[Opening EXERCISE MATERIAL section]
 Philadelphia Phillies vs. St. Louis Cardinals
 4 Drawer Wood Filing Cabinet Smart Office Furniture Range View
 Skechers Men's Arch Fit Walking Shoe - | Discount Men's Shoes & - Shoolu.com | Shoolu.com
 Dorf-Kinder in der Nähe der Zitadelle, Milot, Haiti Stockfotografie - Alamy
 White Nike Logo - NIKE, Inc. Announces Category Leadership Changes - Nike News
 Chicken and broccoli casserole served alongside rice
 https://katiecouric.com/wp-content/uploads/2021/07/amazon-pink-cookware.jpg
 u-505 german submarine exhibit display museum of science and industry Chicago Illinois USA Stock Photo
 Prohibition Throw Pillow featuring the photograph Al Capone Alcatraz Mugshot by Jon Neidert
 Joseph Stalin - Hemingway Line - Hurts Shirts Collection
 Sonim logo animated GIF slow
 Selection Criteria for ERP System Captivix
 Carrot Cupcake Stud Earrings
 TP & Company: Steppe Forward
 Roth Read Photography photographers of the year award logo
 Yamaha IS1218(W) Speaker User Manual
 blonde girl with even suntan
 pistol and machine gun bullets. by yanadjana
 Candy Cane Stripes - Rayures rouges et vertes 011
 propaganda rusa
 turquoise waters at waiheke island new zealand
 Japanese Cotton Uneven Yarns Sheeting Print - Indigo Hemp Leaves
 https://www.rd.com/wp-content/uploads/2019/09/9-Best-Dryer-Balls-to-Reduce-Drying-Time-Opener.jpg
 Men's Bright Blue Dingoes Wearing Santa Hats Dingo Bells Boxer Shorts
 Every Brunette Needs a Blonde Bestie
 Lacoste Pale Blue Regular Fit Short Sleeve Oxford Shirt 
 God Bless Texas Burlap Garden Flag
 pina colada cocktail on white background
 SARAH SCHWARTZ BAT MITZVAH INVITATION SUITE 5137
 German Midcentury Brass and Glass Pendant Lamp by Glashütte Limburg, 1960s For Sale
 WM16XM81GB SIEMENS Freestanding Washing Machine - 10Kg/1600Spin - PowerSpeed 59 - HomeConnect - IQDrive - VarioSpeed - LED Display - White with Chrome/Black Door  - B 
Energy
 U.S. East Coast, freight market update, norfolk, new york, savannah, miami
[Closing EXERCISE MATERIAL section]
#### AIM OF THE EXERCISE:
Look for the line with "propaganda rusa" in the records above. Repeat it and each line after it exactly.

#### SOLUTION FOR THIS PROBLEM:
 propaganda rusa
 turquoise waters at waiheke island new zealand
 Japanese Cotton Uneven Yarns Sheeting Print - Indigo Hemp Leaves
 https://www.rd.com/wp-content/uploads/2019/09/9-Best-Dryer-Balls-to-Reduce-Drying-Time-Opener.jpg
 Men's Bright Blue Dingoes Wearing Santa Hats Dingo Bells Boxer Shorts
 Every Brunette Needs a Blonde Bestie
 Lacoste Pale Blue Regular Fit Short Sleeve Oxford Shirt 
 God Bless Texas Burlap Garden Flag
 pina colada cocktail on white background
 SARAH SCHWARTZ BAT MITZVAH INVITATION SUITE 5137
 German Midcentury Brass and Glass Pendant Lamp by Glashütte Limburg, 1960s For Sale
 WM16XM81GB SIEMENS Freestanding Washing Machine - 10Kg/1600Spin - PowerSpeed 59 - HomeConnect - IQDrive - VarioSpeed - LED Display - White with Chrome/Black Door  - B 
Energy
 U.S. East Coast, freight market update, norfolk, new york, savannah, miami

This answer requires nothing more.